TASK STATEMENT - Your task is to repeat the lines below exactly, excluding any pictures they contain.

PROVIDED DATA -
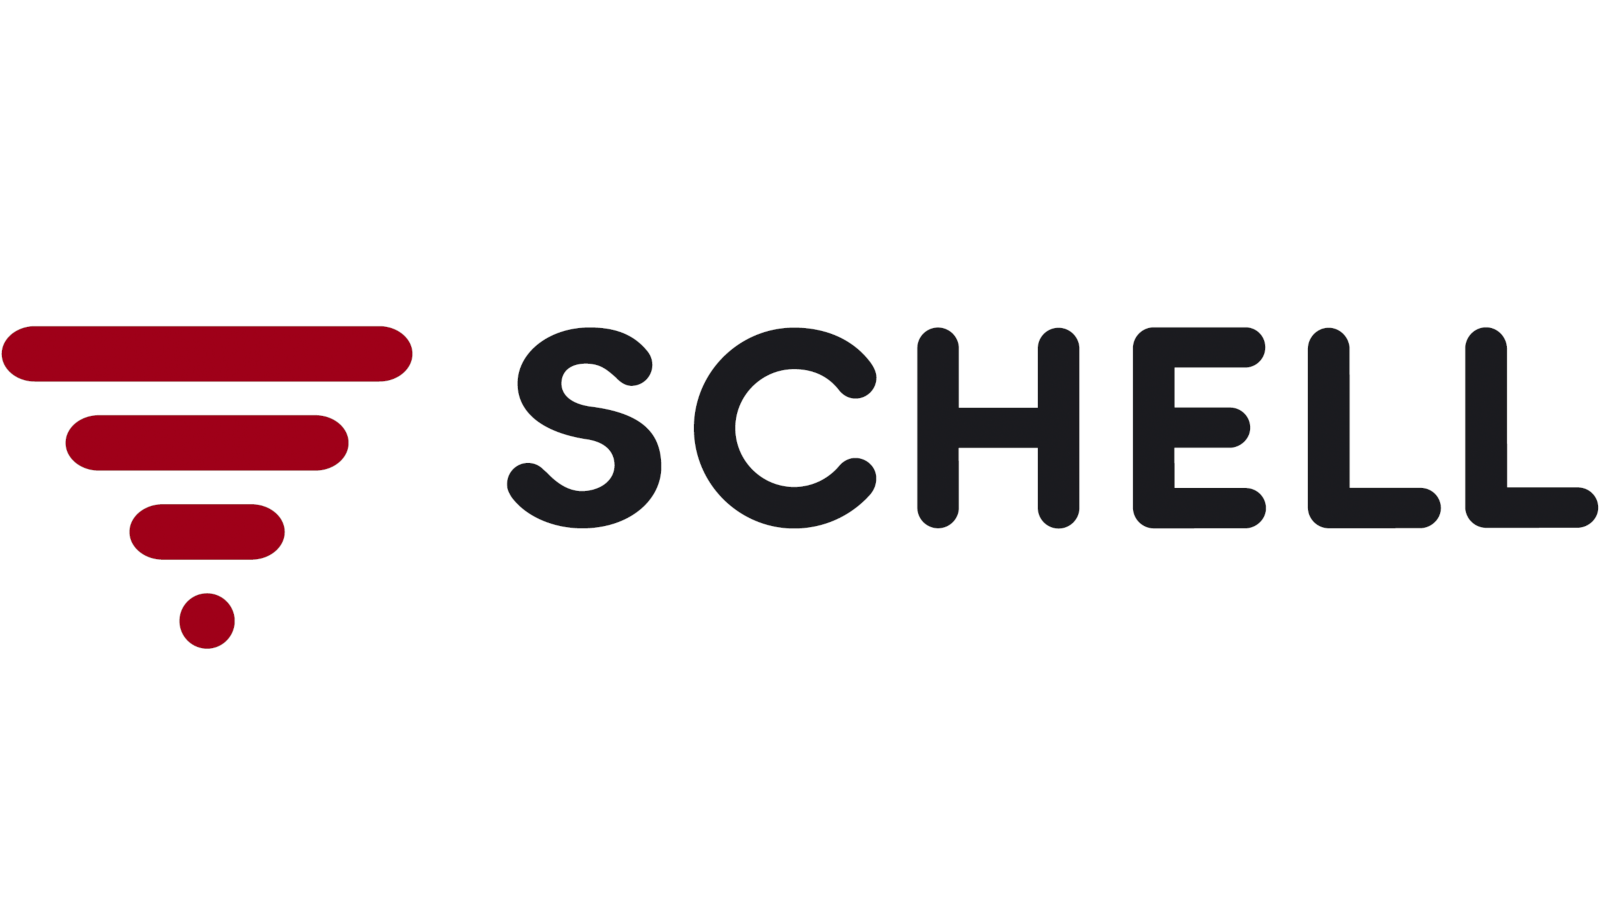 SCHELL GmbH&CO.KG - 56090 üreticisi için resim
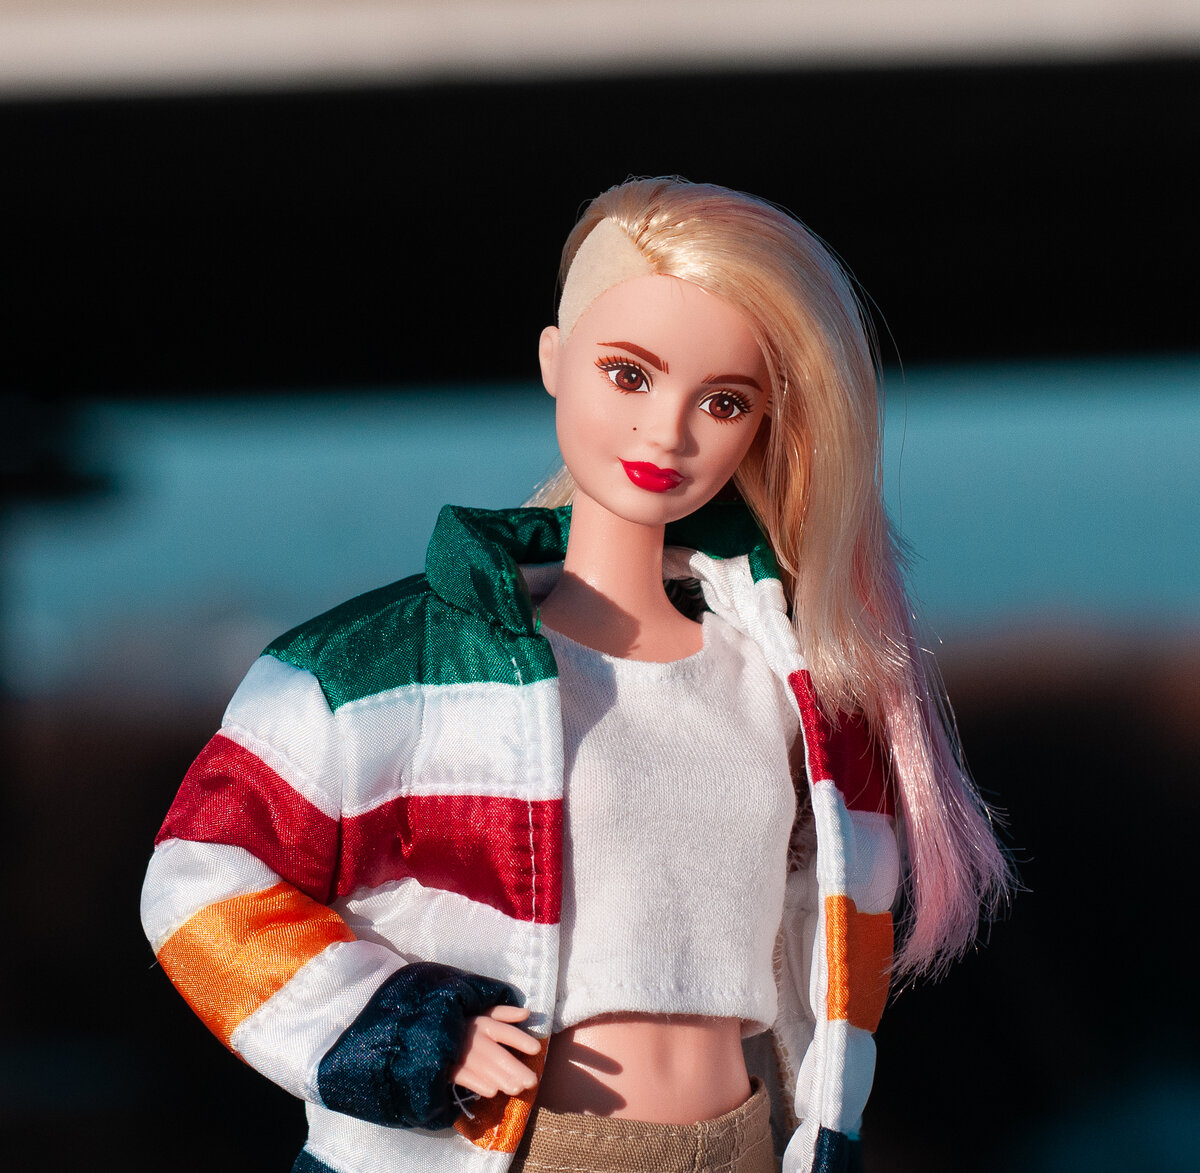 🕺💃 Обработай своё фото в стиле Barbie! — Офтоп на fitdiets.ru
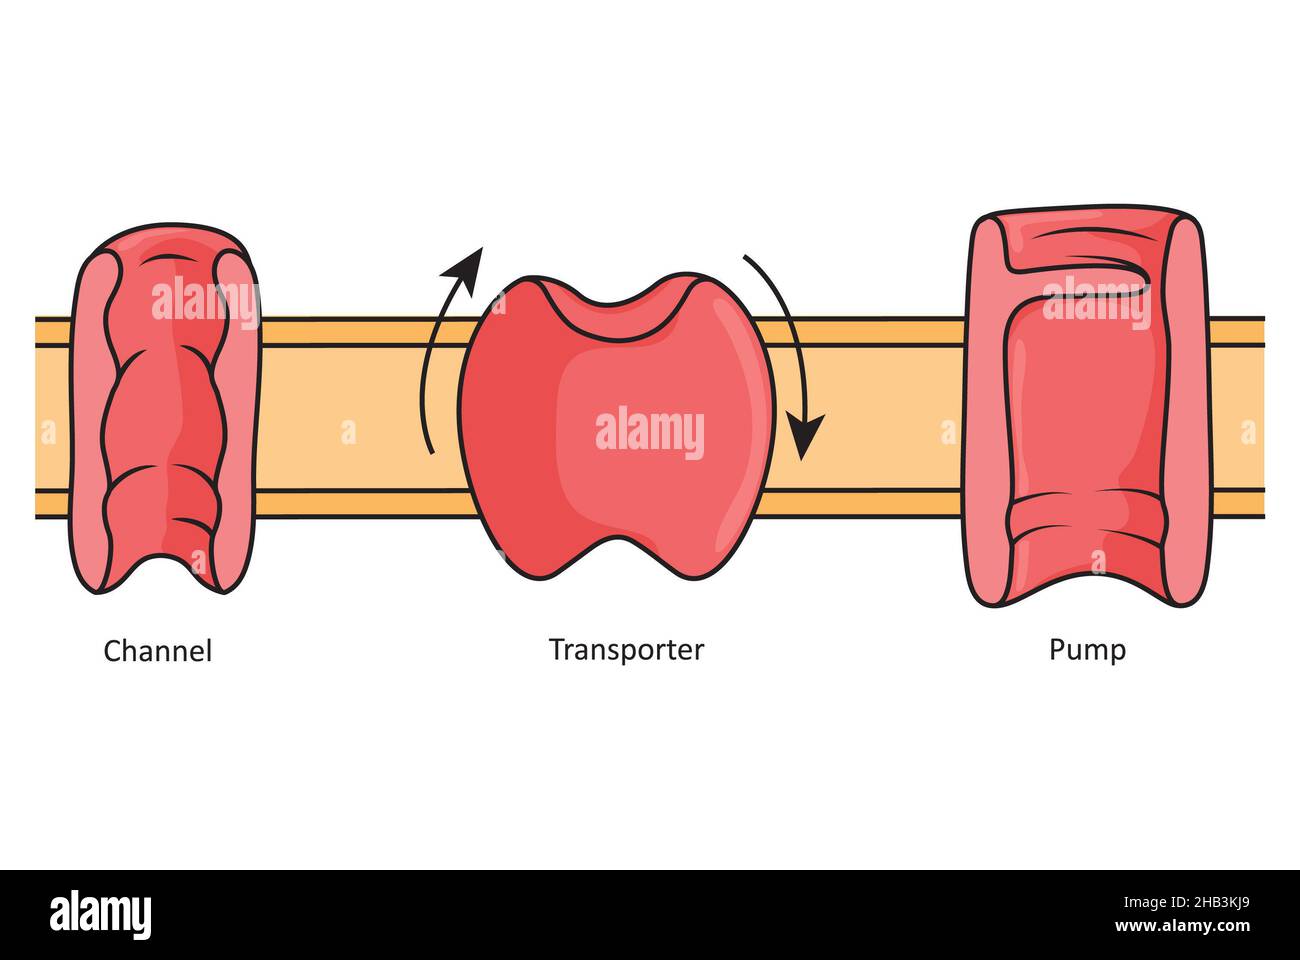 Kanäle, Transporter und Pumpen, einfache Abbildung mit verschiedenen transmembranen Proteinen. Stockfoto
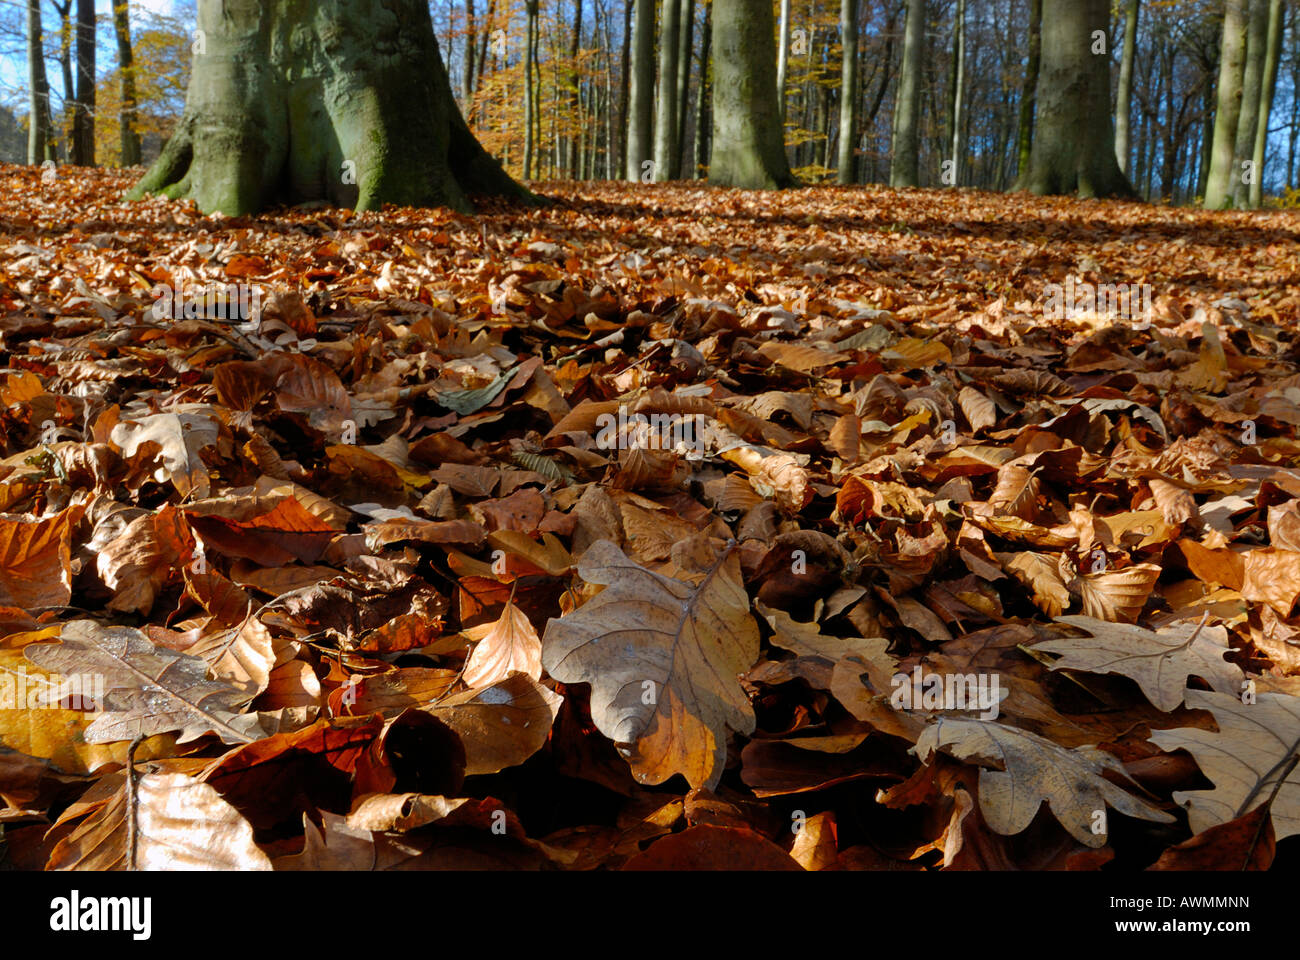 Forest with leaf litter in autumn, Kiel, Schleswig-Holstein, Deutschland Stock Photo

ANSWER TO THIS TASK -
 SCHELL GmbH&CO.KG - 56090 üreticisi için resim
 🕺💃 Обработай своё фото в стиле Barbie! — Офтоп на fitdiets.ru
 Kanäle, Transporter und Pumpen, einfache Abbildung mit verschiedenen transmembranen Proteinen. Stockfoto
 Forest with leaf litter in autumn, Kiel, Schleswig-Holstein, Deutschland Stock Photo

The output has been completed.